• [Assignment]:
Output the data below exactly, without images.

• [Dataset content]:

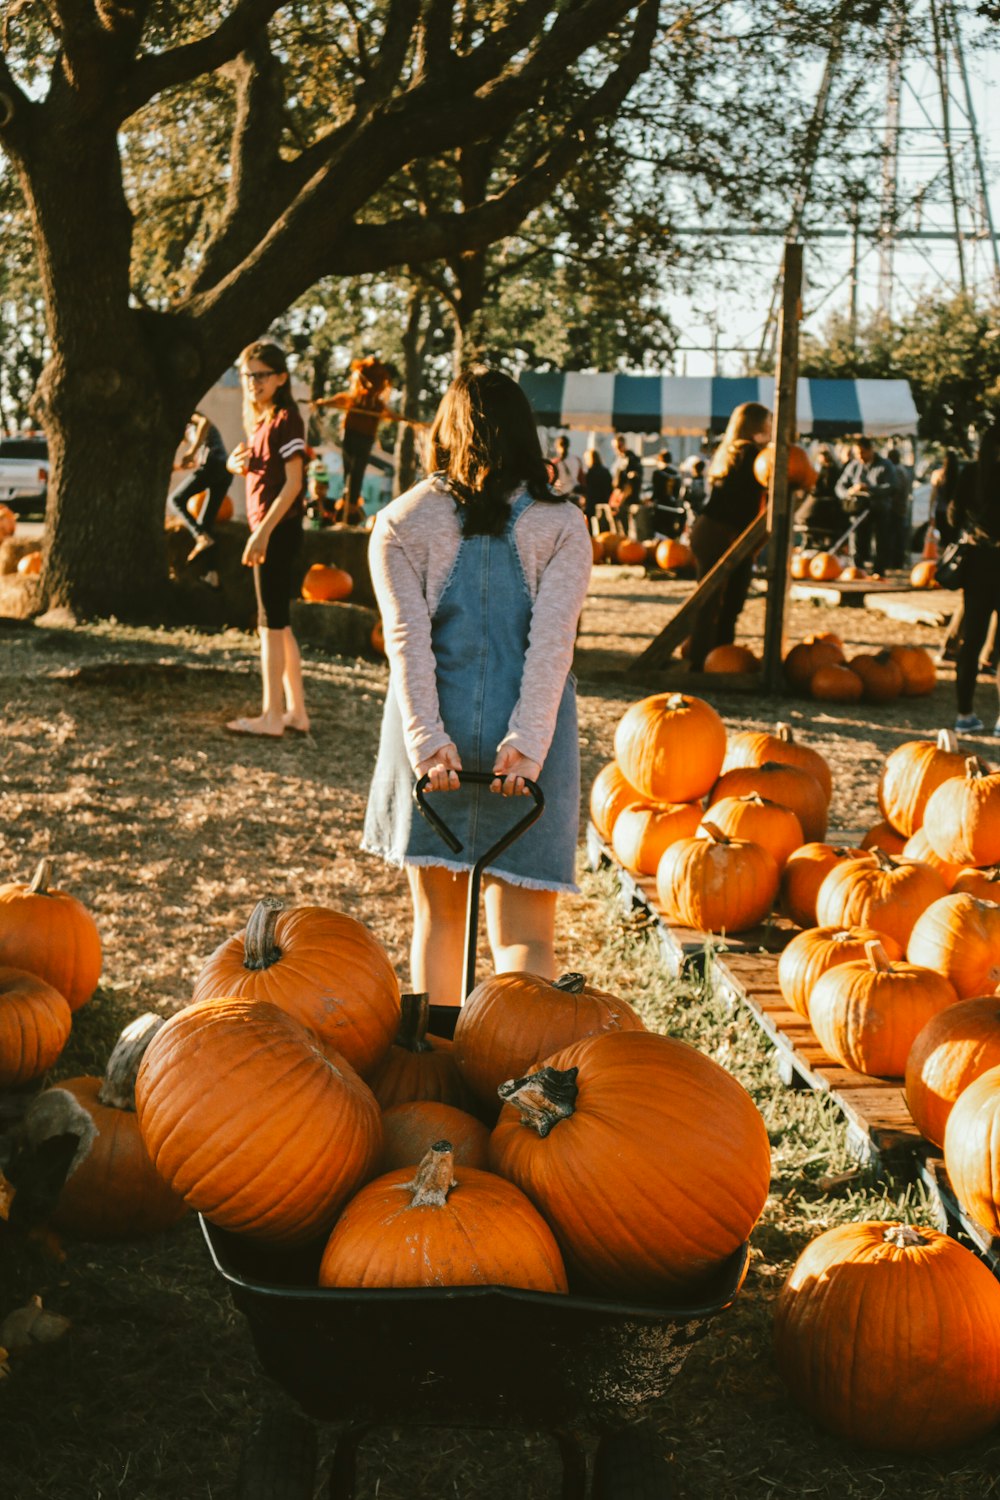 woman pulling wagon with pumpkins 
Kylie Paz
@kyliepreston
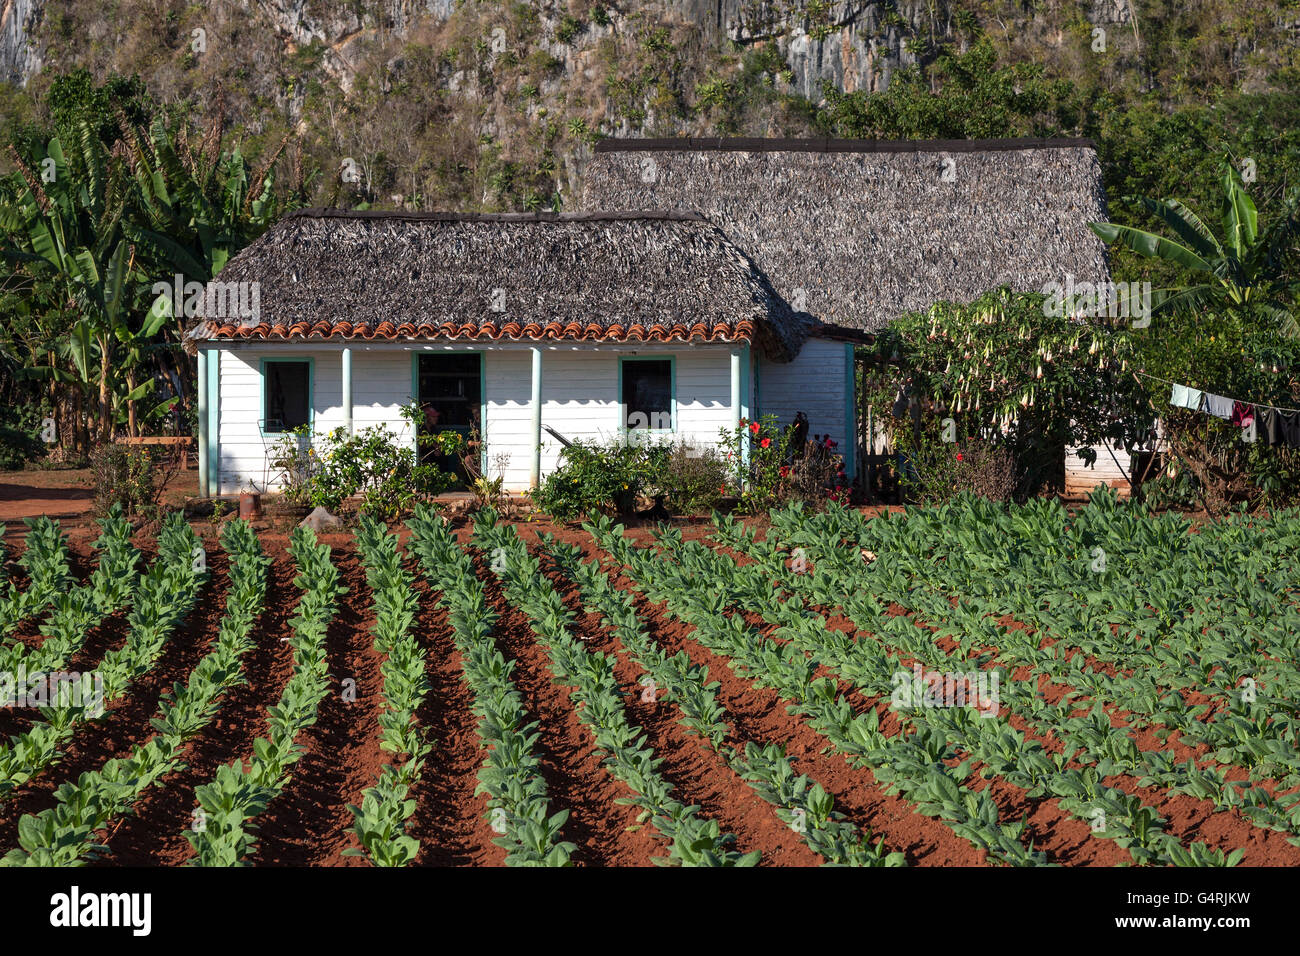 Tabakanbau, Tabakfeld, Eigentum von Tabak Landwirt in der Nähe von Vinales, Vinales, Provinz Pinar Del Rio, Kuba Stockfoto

• [Solution for this task]:
 woman pulling wagon with pumpkins 
Kylie Paz
@kyliepreston
 Tabakanbau, Tabakfeld, Eigentum von Tabak Landwirt in der Nähe von Vinales, Vinales, Provinz Pinar Del Rio, Kuba Stockfoto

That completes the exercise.